Fl4m3Ph03n1x
HTTP2 error using gun
Background
I have an application that uses gun to make HTTP requests to a server while keeping the connection up.
Problem
The problem here is that I am getting the following general stream errors:
2019-03-13 14:55:55.258 [error] GENERAL ERROR: {:stop, {:goaway, 0, :enhance_your_calm, "too_many_pings"}, :"Client is going away."}
2019-03-13 14:55:57.282 [error] GENERAL ERROR: {:stop, {:goaway, 5, :enhance_your_calm, "too_many_pings"}, :"Client is going away."}
2019-03-13 14:55:58.924 [error] GENERAL ERROR: {:stop, {:goaway, 3, :enhance_your_calm, "too_many_pings"}, :"Client is going away."}
GOAWAY
So, according to the HTTP2 spec:
The GOAWAY frame (type=0x7) is used to initiate shutdown of a connection or to signal serious error conditions. GOAWAY allows an endpoint to gracefully stop accepting new streams while still finishing processing of previously established streams. This enables administrative actions, like server maintenance.
So, I am guessing the server receiving my petitions isn’t too happy and is telling my client to slow down.
My confusion
This is confusing to me due to some reasons, the main one being that I am not attacking a single machine, I am attacking a cloud balancer that has a cluster behind. In theory, this balancer would distribute my load to all the servers and things like this wouldn’t happen.
I also don’t understand if gun simply closes a connection and opens again or if any data was lost.
Can someone help me understand the causes and consequences of this error?
Most Liked
peerreynders
Disclosure: Here I’m just as a clueless as the proverbial rubber duck.
But in the interest of making more information available:
- The error suggests to me that a PING frame is being answered with GOAWAY about every two seconds.
- Found a critical (possibly misinformed) opinion about the practice of HTTP/2 ping frames.
- The gun documentation suggests that the default HTTP/2 ping timeout is 5000ms.
ENHANCE_YOUR_CALM (0xb):
The endpoint detected that its peer is exhibiting a behavior that might be generating excessive load.
Do the errors change when you extend your configured timeout for gun? (Not expecting it to but it’s good to rule things out).
axelson
What cloud balancer is the service using?

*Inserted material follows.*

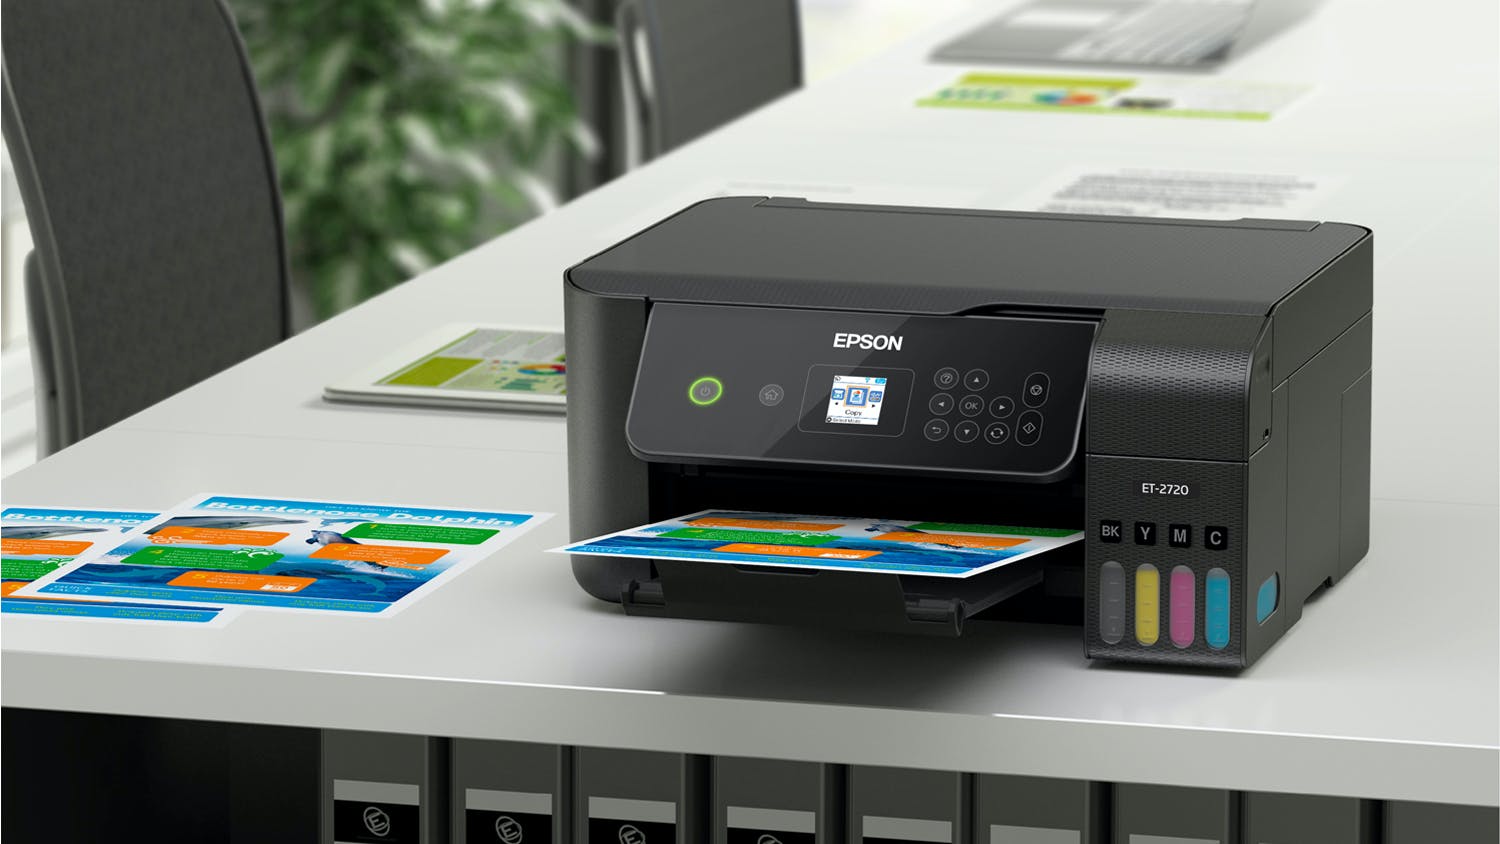 Epson EcoTank ET-2720 All-in-One Printer review

Perhaps the cloud balancer is doing some rate limiting?
shanesveller
Without knowing more about your circumstances, I can’t point to a concrete solution, but my hackles always go up when people speak in absolutes - and to call a problem “impossible” to solve on a major IAAS provider doesn’t sound likely.
For this specific concern, better use of connection draining, load-balancer health checks, and possibly some more graceful shutdown behavior of your own application, should be able to eliminate close to 100% of end-user 502s that stem from per-server interruptions like rolling deployments rather than true application defects.
This is part and parcel of zero-downtime deployments, which has been a desirable practice for quite some time, so we probably would’ve heard by now if it was truly unattainable on GCP. Their load-balancing is, in many ways, a bit more sophisticated than what AWS offers, for example.